→ **What to produce**:
For the listing below, return the line containing "La sàtira sobre", the line containing "Clématite vigne-blanche, l'étouffeuse", and all lines in between, exactly as written and nothing else.

→ **Extracted information**:
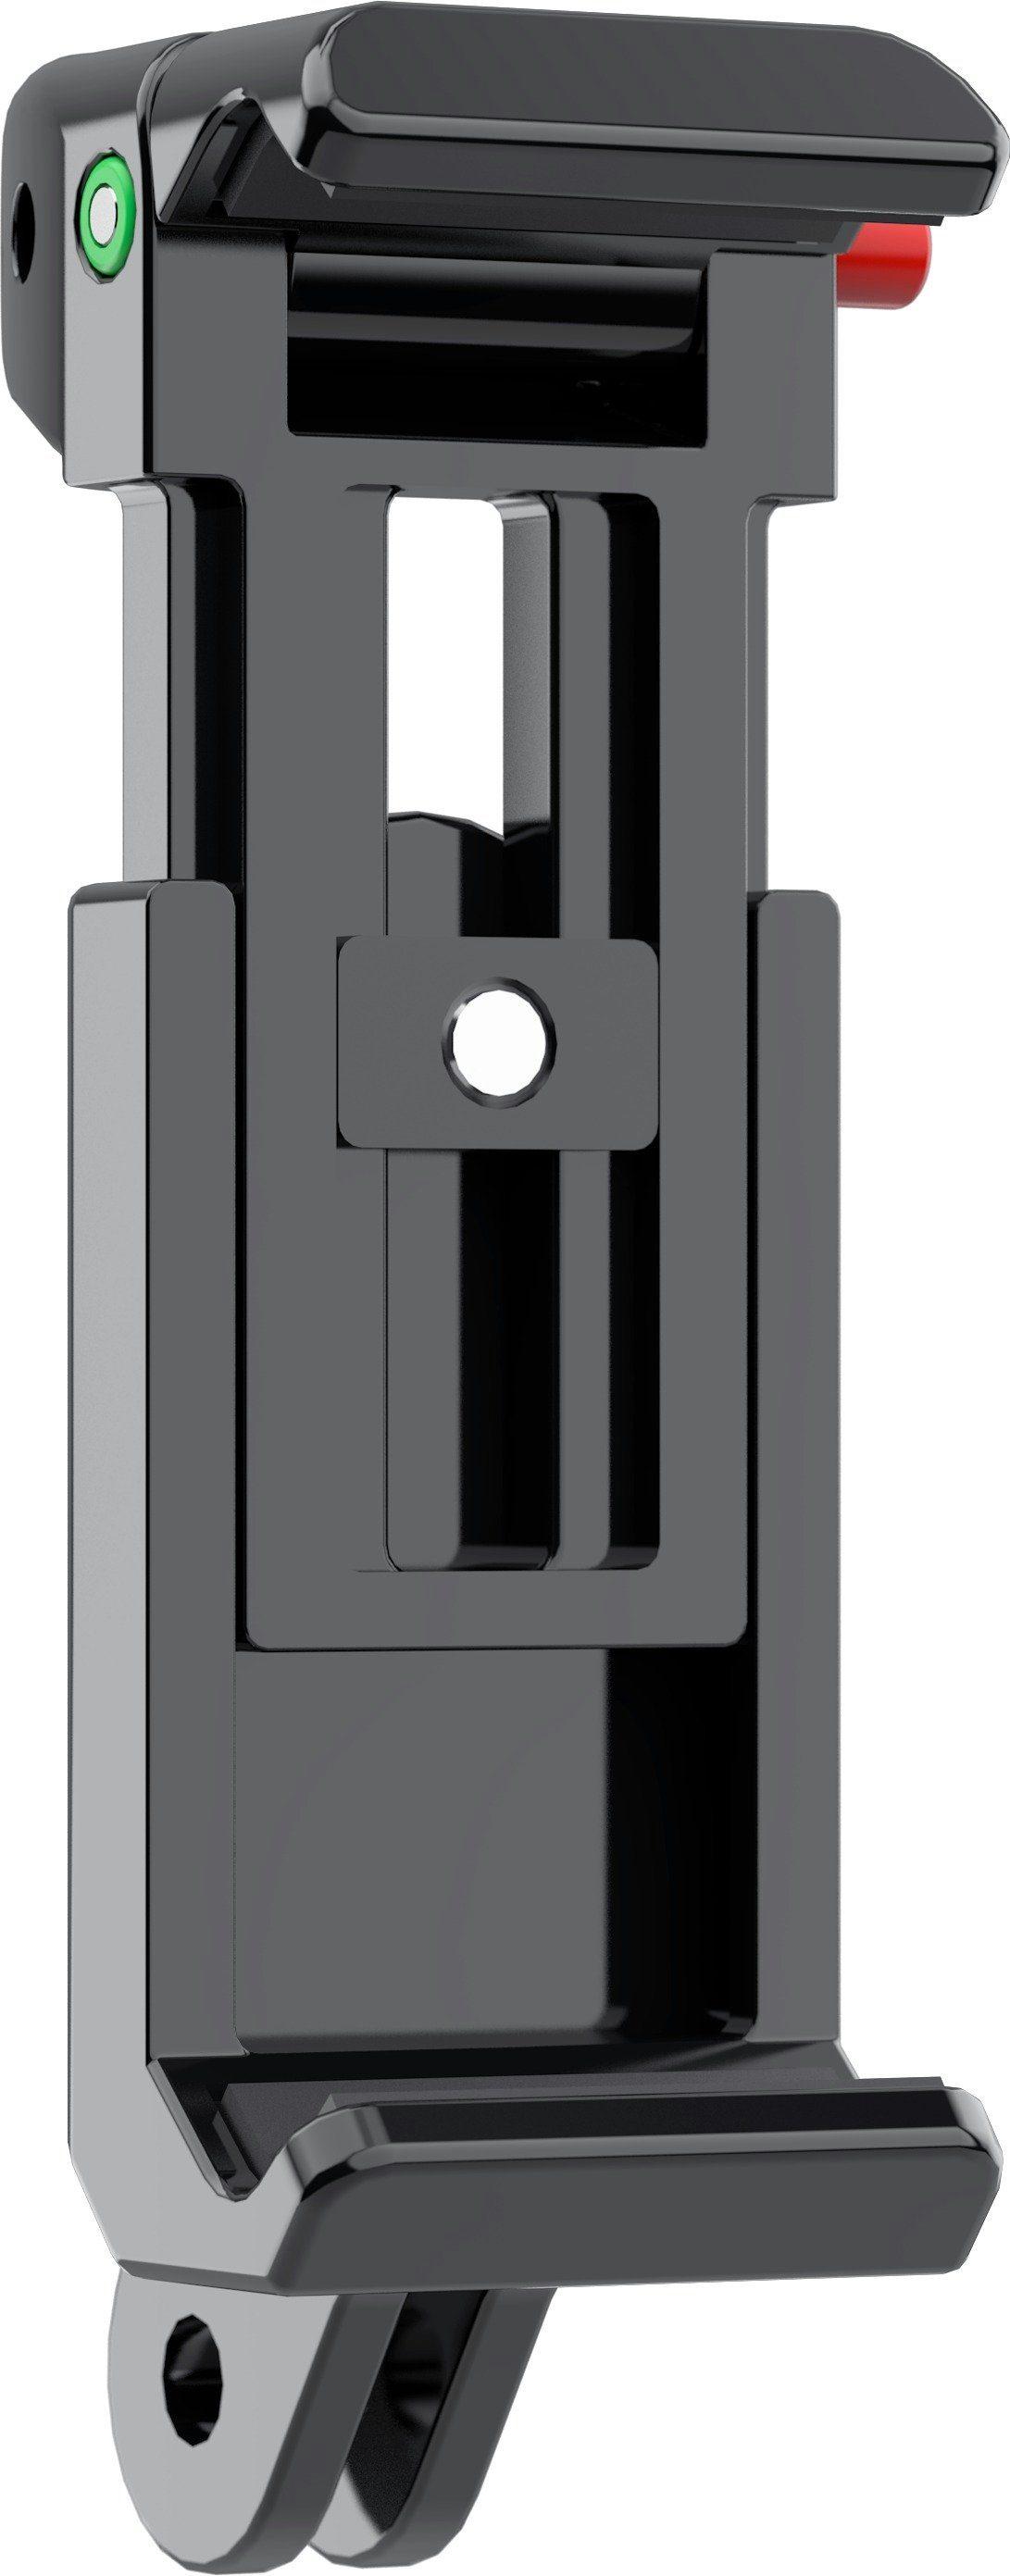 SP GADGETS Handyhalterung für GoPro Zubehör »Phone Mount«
---
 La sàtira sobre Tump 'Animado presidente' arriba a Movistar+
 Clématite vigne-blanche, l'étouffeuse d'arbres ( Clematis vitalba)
* * *
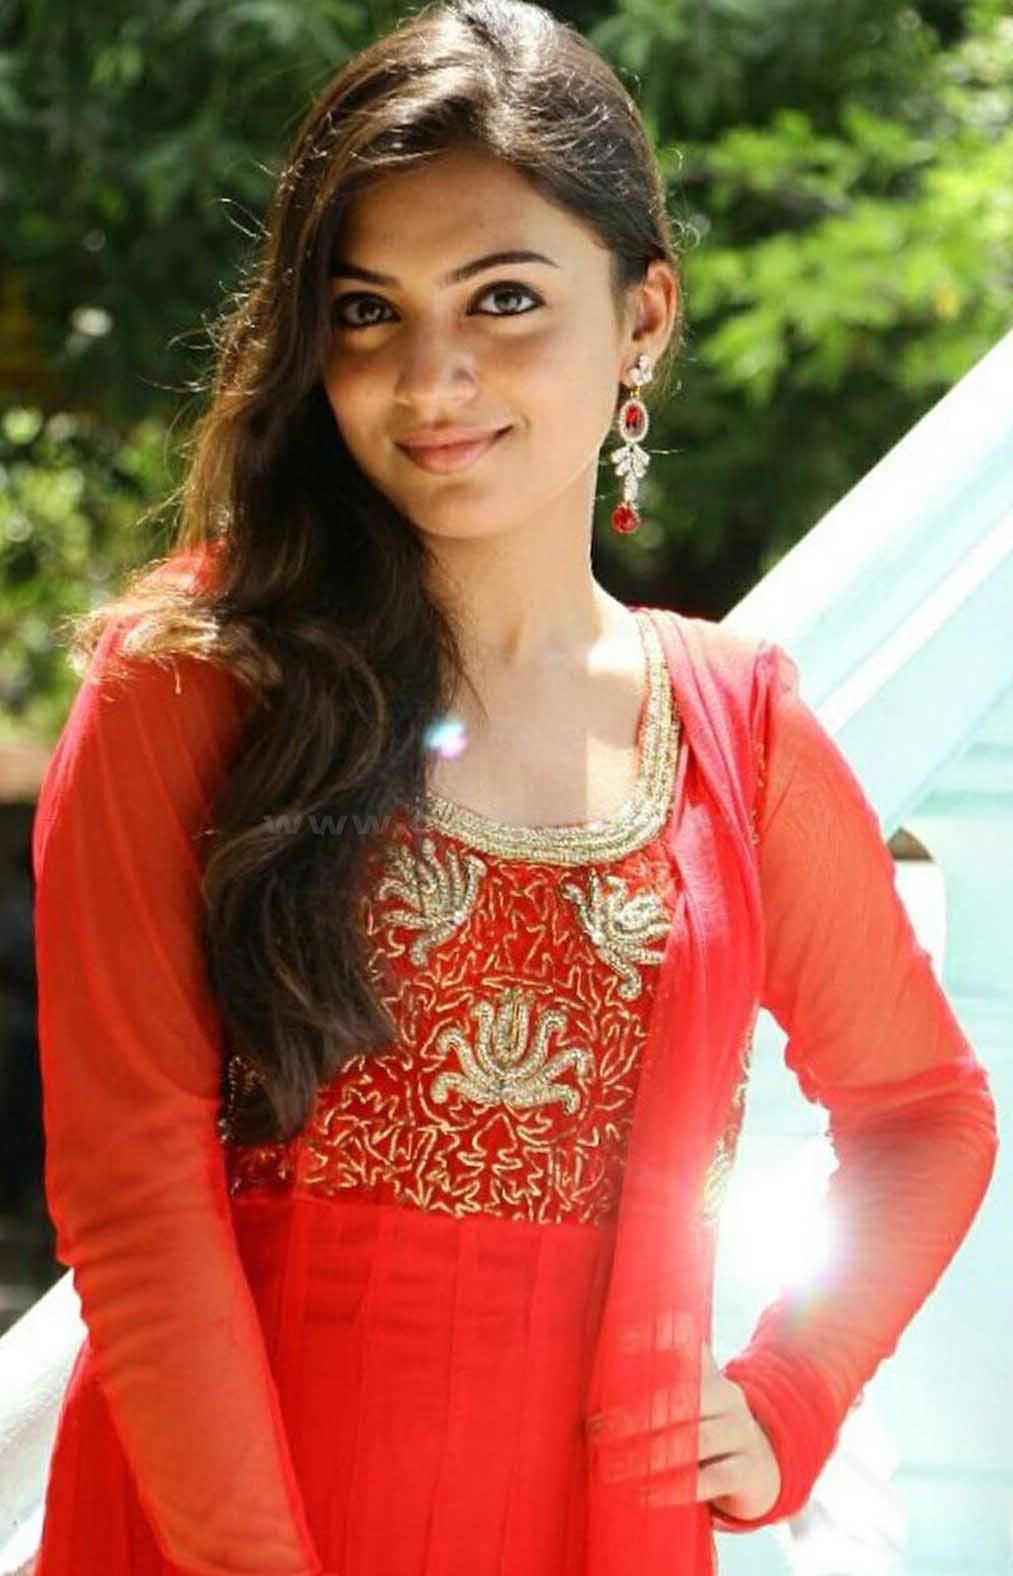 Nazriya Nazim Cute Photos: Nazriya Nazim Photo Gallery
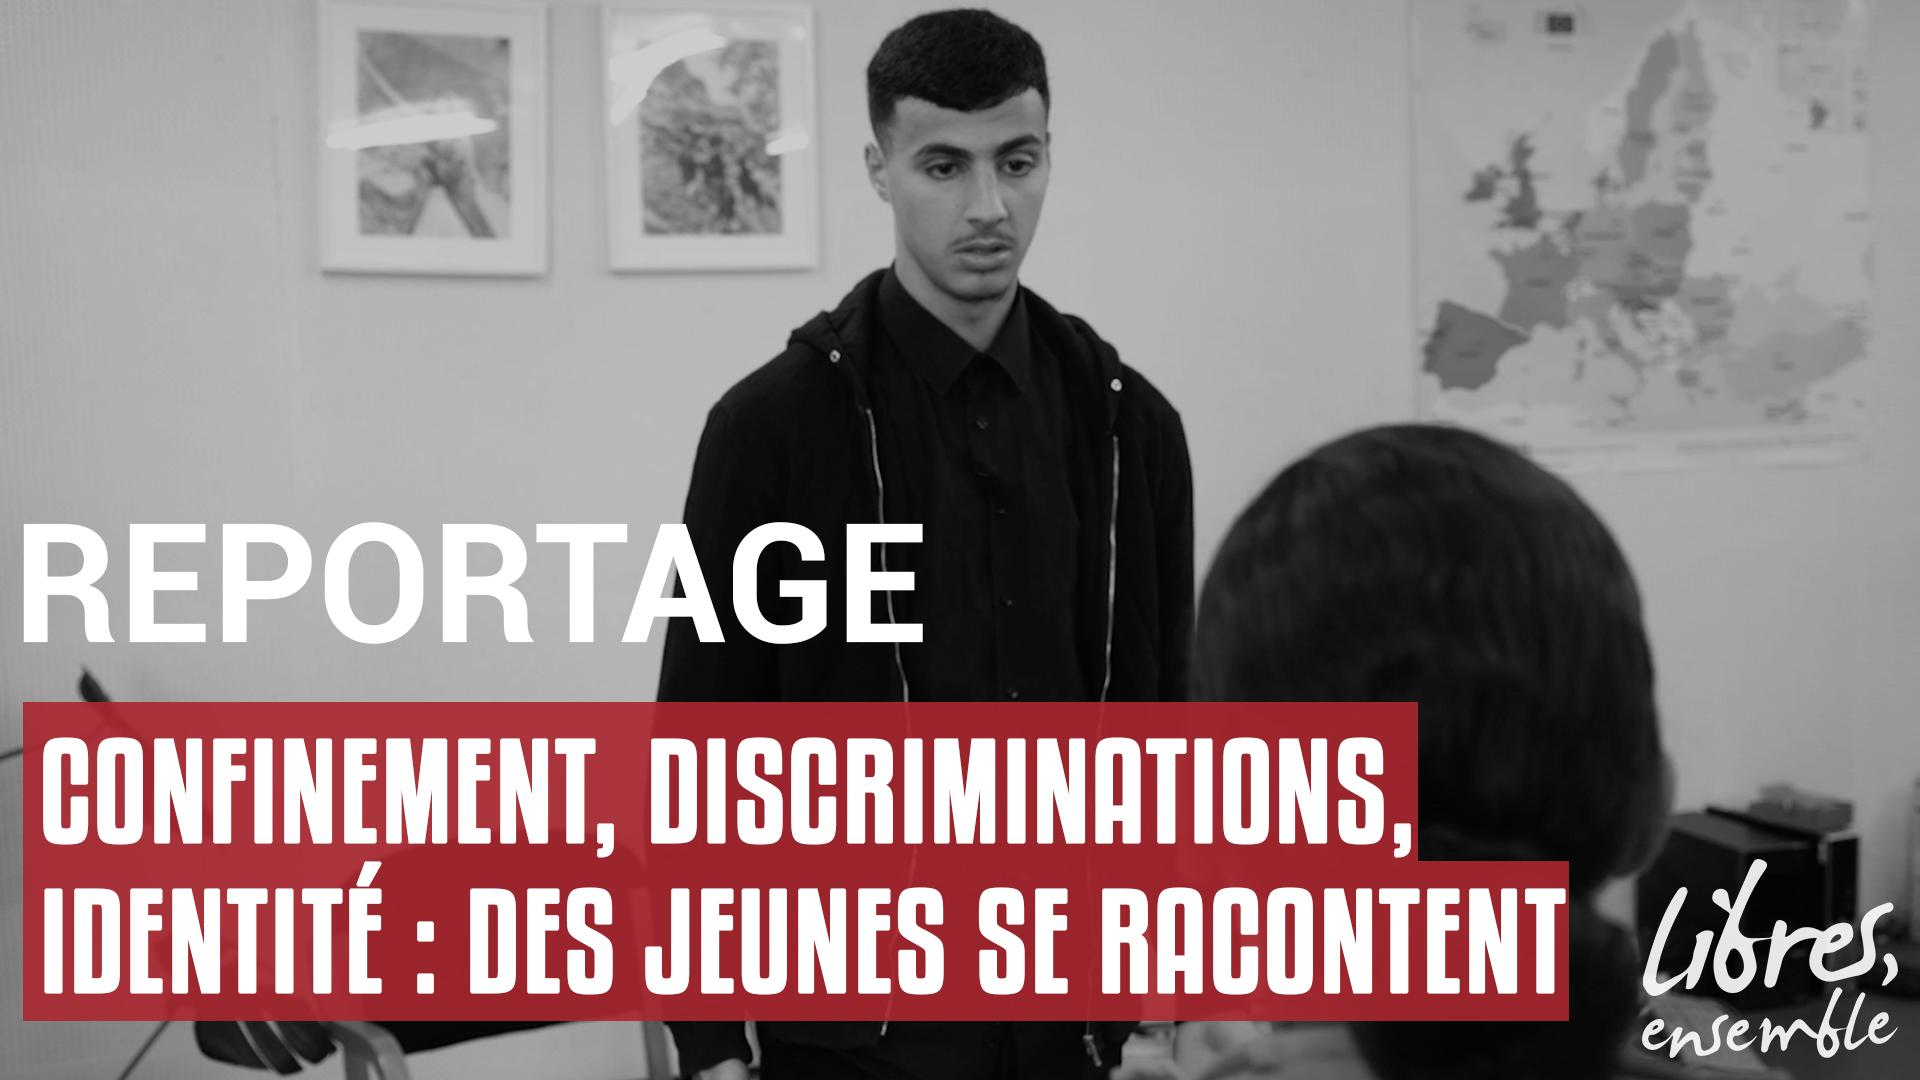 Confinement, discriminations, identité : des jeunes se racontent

→ **Exercise response**:
 La sàtira sobre Tump 'Animado presidente' arriba a Movistar+
 Clématite vigne-blanche, l'étouffeuse d'arbres ( Clematis vitalba)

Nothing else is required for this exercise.